Charles Seife is an American author, journalist, and professor at New York University. He has written extensively on scientific and mathematical topics.

==Career==

Seife holds a mathematics degree from Princeton University (1993), an M.S. in mathematics from Yale University and an M.S. in journalism from Columbia University.

Seife wrote for Science magazine and New Scientist before joining the Department of Journalism at New York University where he became a professor.

==Books==
His first and best-known published book is Zero: The Biography of a Dangerous Idea (Viking, 2000).

In Proofiness: How You're Being Fooled By the Numbers (Penguin, 2010) Seife focuses on how much propaganda uses numbers worded in such a way that they confuse people and can be misinterpreted.
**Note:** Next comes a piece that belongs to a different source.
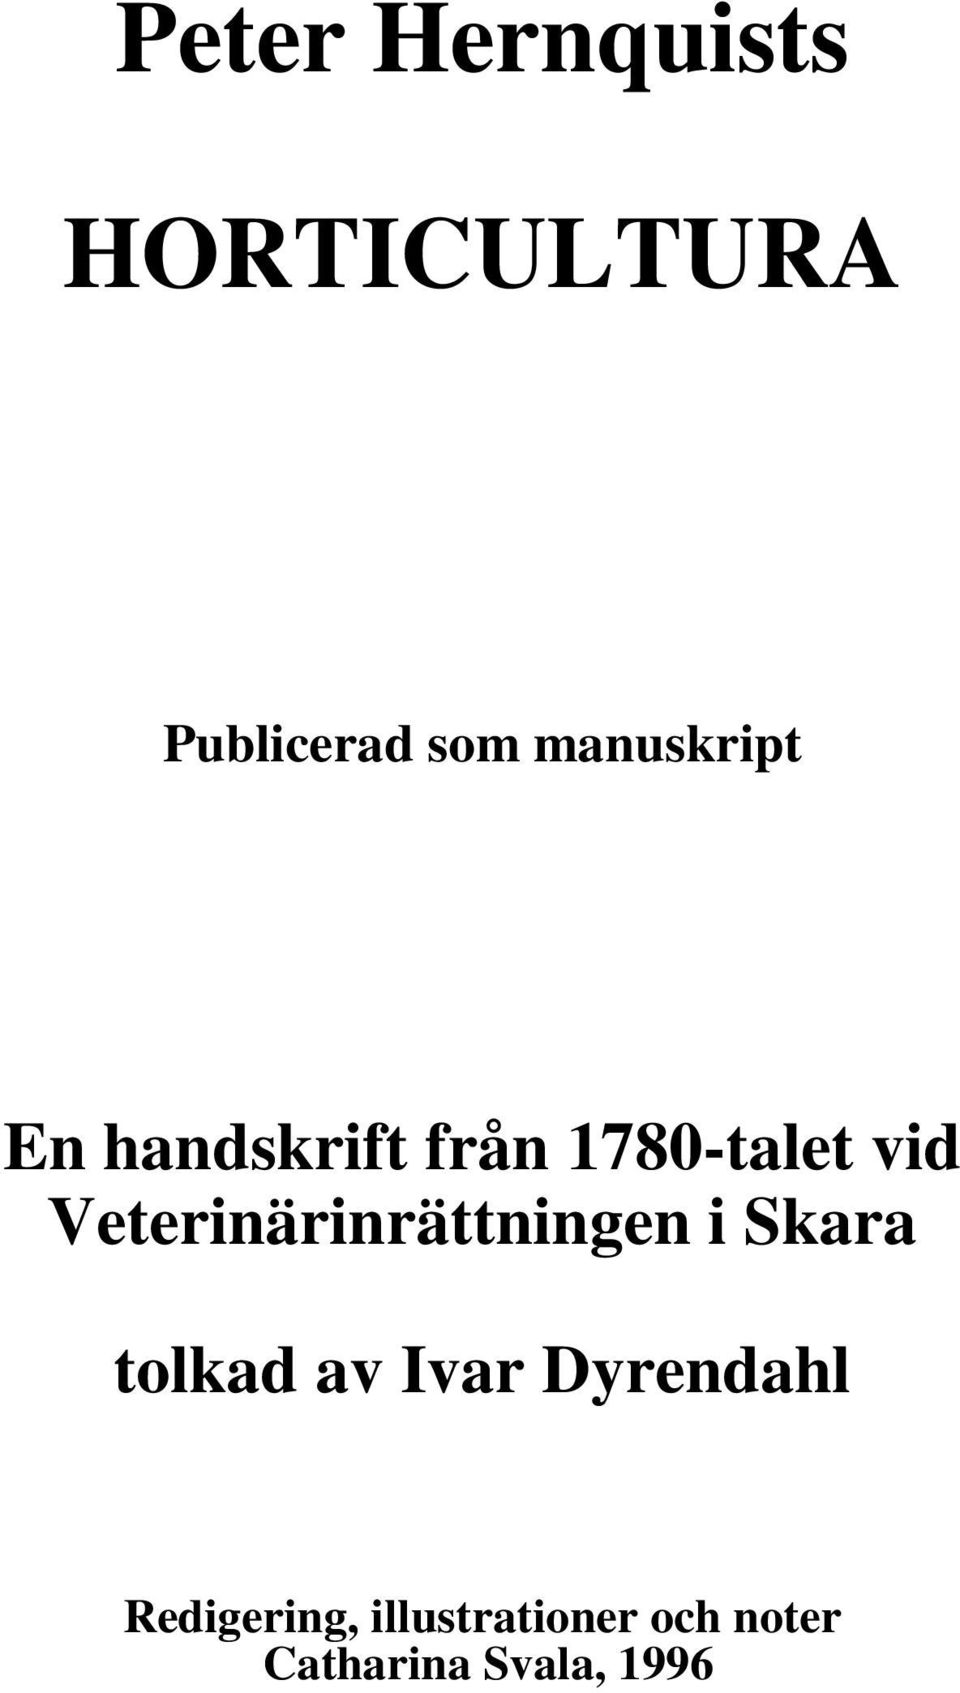 Veterinärinrättningen i Skara tolkad av Ivar

- Alpha & Omega: The Search for the Beginning and End of the Universe, Penguin Putnam, 2003. ISBN 0-670-03179-8
- Decoding the Universe, Penguin, 2007. ISBN 978-0-14-303839-9
- Seife, Charles (2008). "Sun in a Bottle: The Strange History of Fusion and the Science of Wishful Thinking"
- Seife, Charles (2015). "Virtual Unreality: The New Era of Digital Deception"
- Seife, Charles (2021). "Hawking Hawking: The Selling of a Scientific Celebrity"
- Seife, Charles (2010). "Proofiness: How You're Being Fooled by the Numbers"
- Seife, Charles (2000). "Zero: The Biography of a Dangerous Idea"

==Other writing==

Seife's freelance work has appeared in The Philadelphia Inquirer, The Washington Post, The New York Times, Scientific American, and The Economist, among others. Throughout his career, he has written many book reviews, especially of books which focus on mathematics. Seife also wrote an essay which is currently featured in Rereading America: Cultural Contexts for Critical Thinking and Writing. His essay, “The Loneliness of The Interconnected,” focuses on how the internet may make its users more isolated.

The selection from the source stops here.